Information supplied –
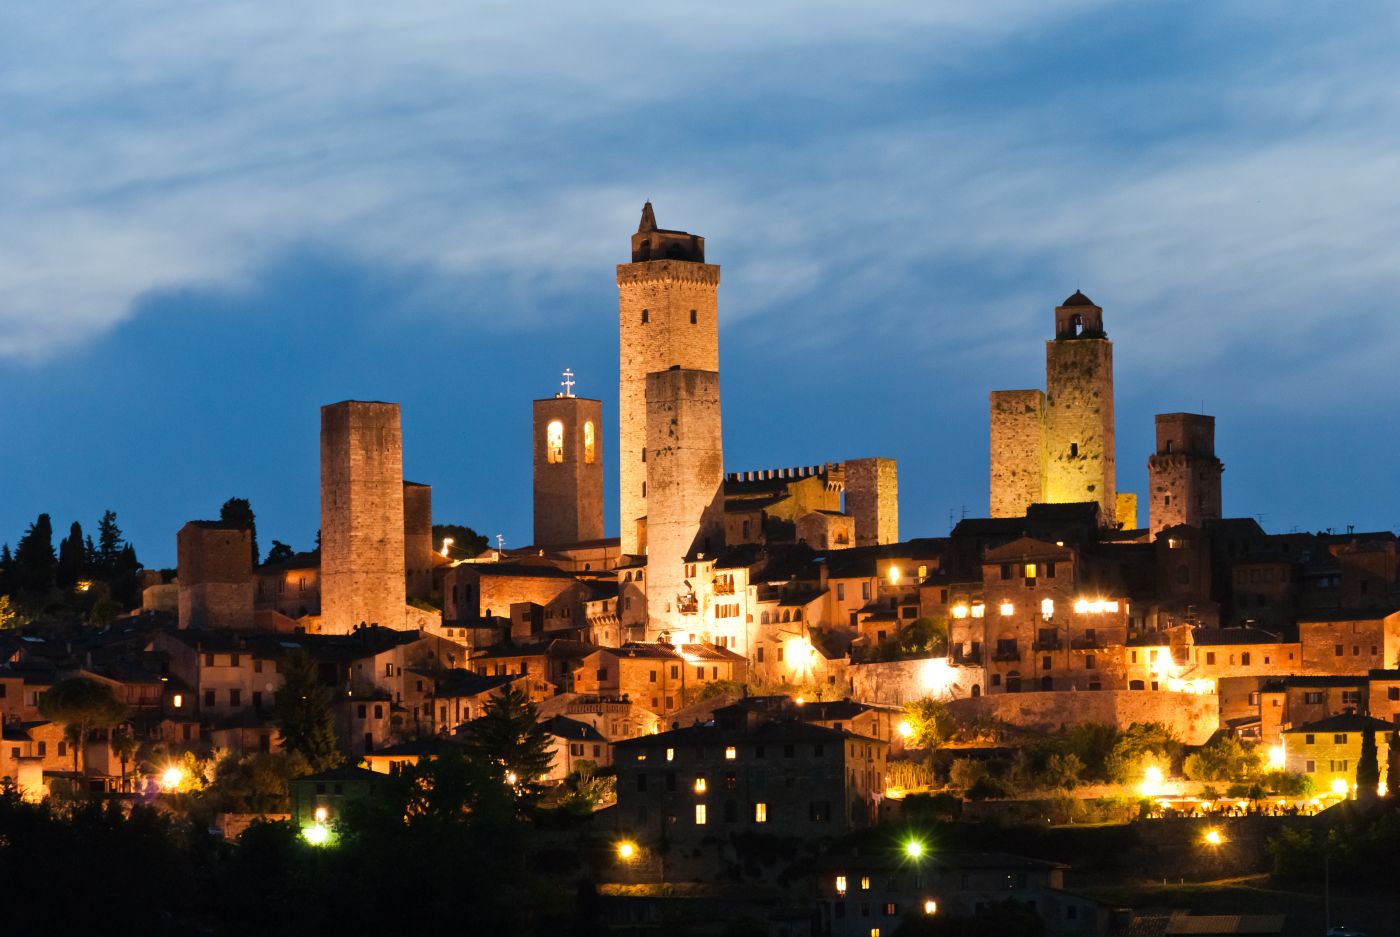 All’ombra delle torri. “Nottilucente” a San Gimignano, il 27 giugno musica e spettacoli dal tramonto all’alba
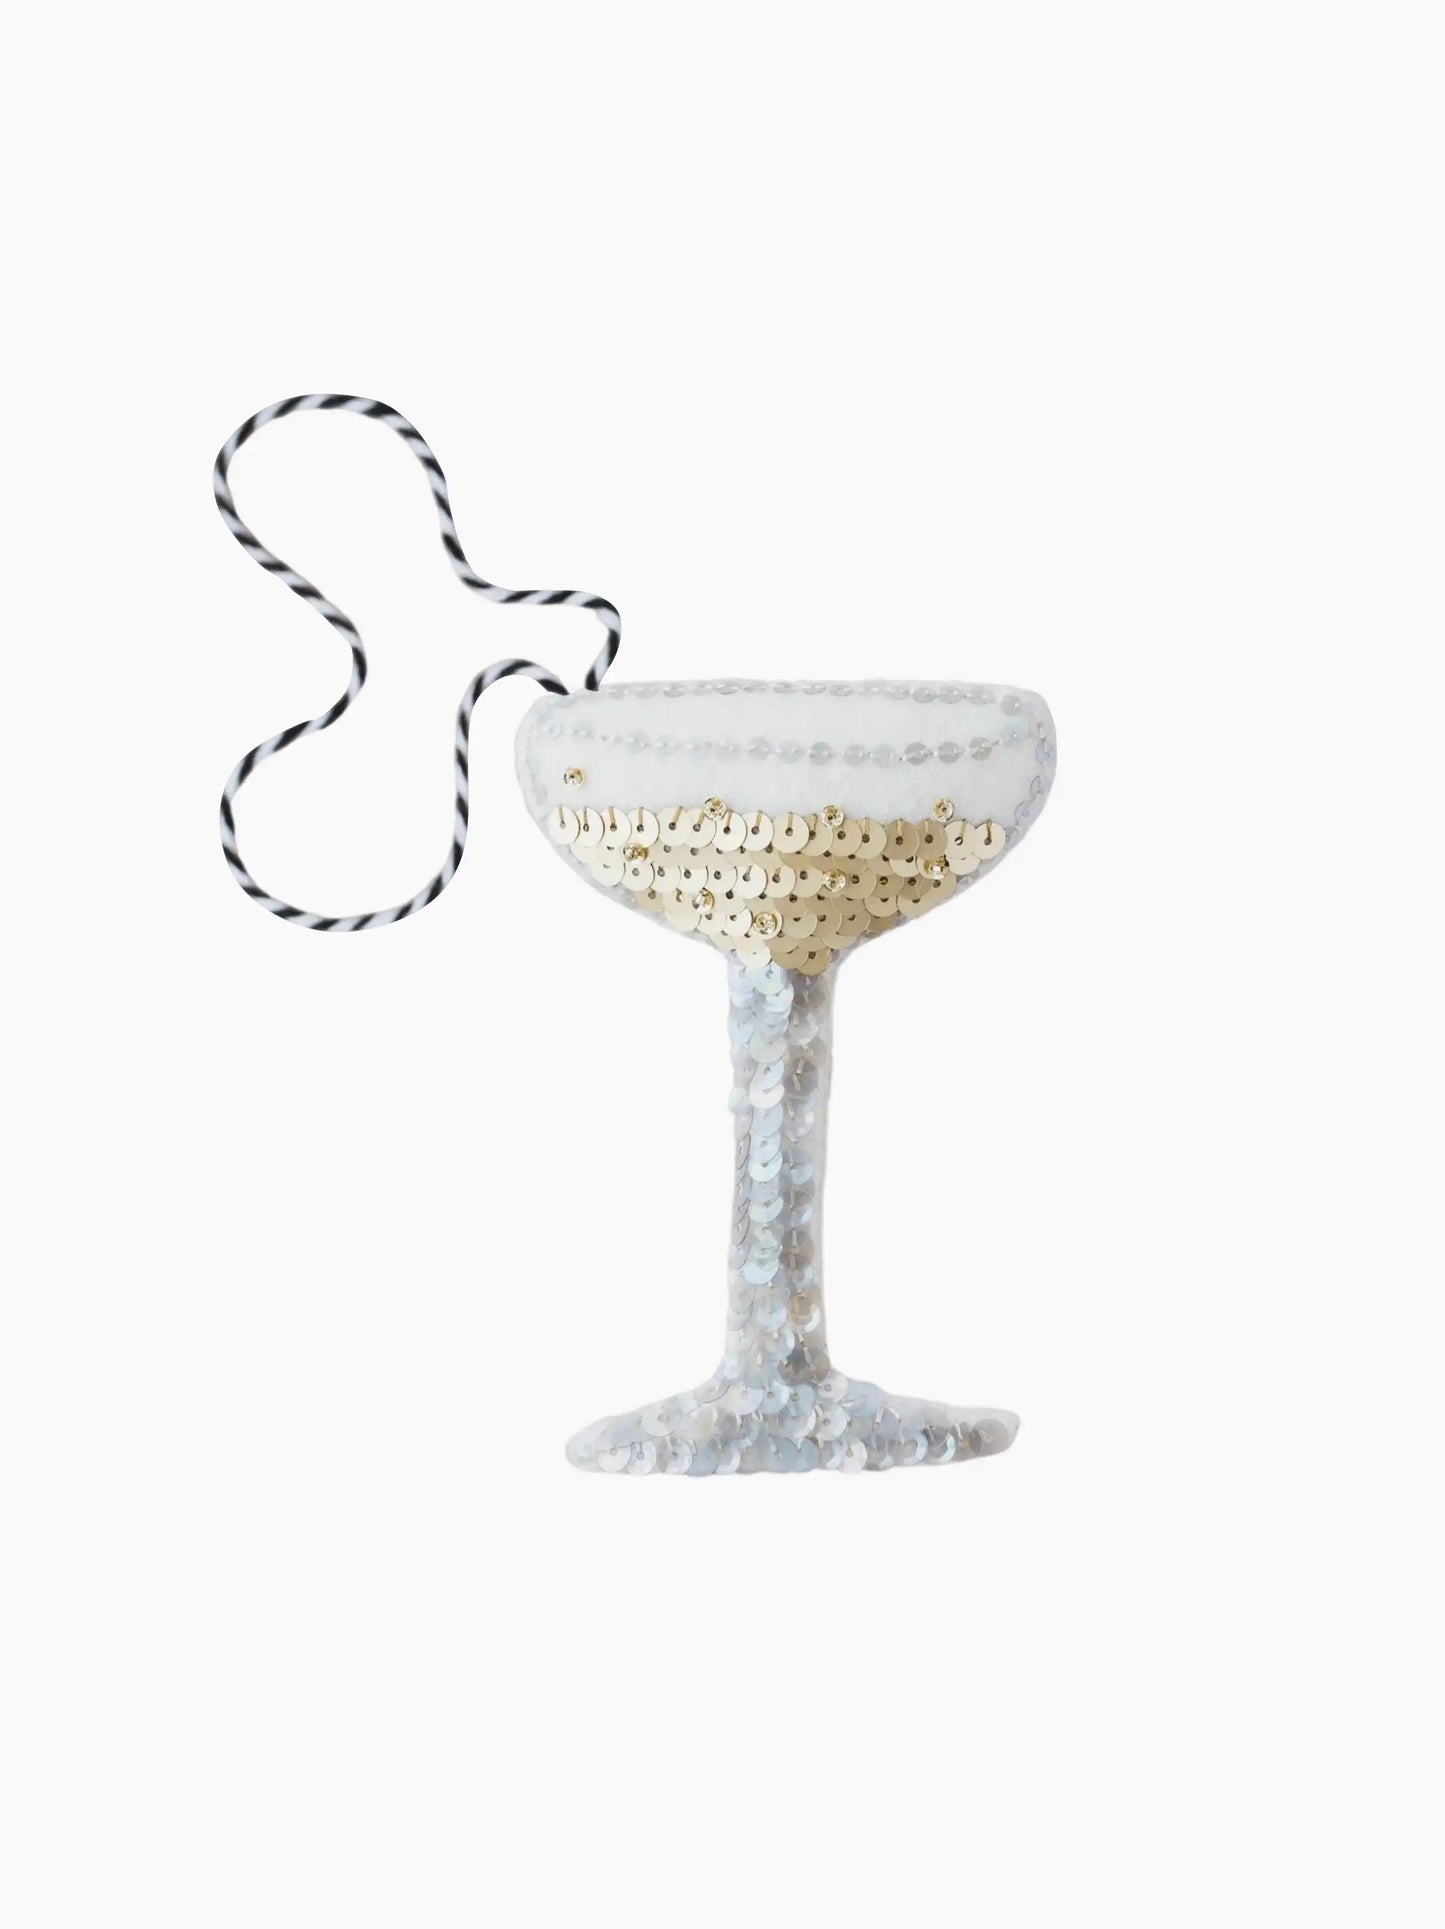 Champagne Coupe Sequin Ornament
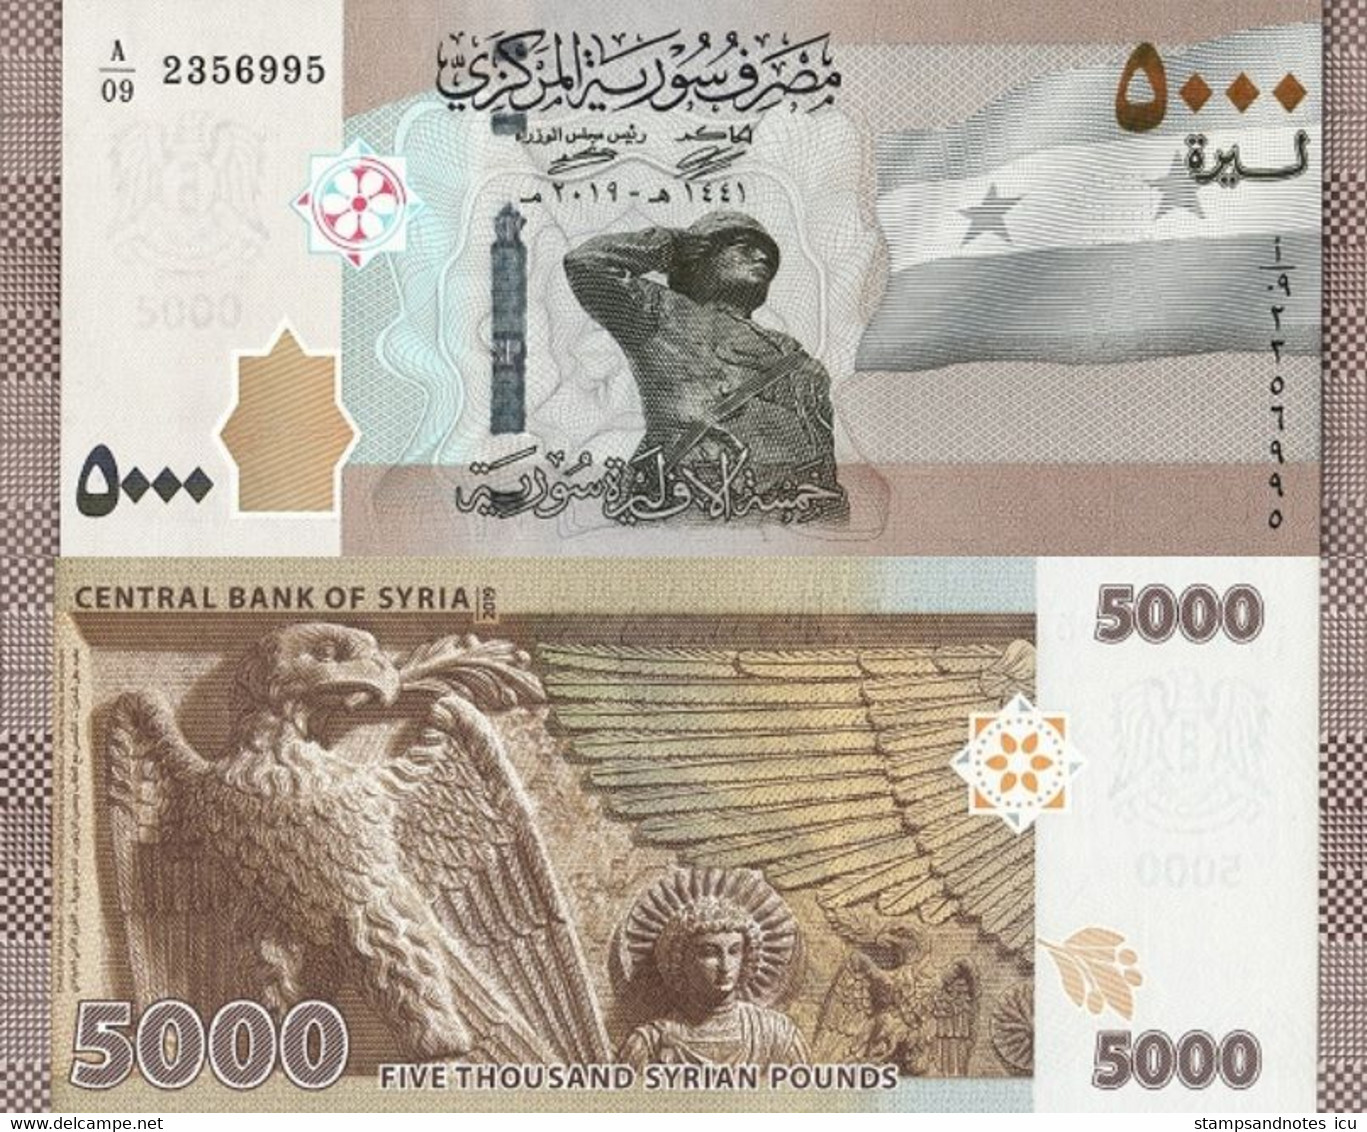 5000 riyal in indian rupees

Exercise prompt – Everything in the data except the pictures must appear in your answer unchanged.

Task output –
 All’ombra delle torri. “Nottilucente” a San Gimignano, il 27 giugno musica e spettacoli dal tramonto all’alba
 Champagne Coupe Sequin Ornament
 5000 riyal in indian rupees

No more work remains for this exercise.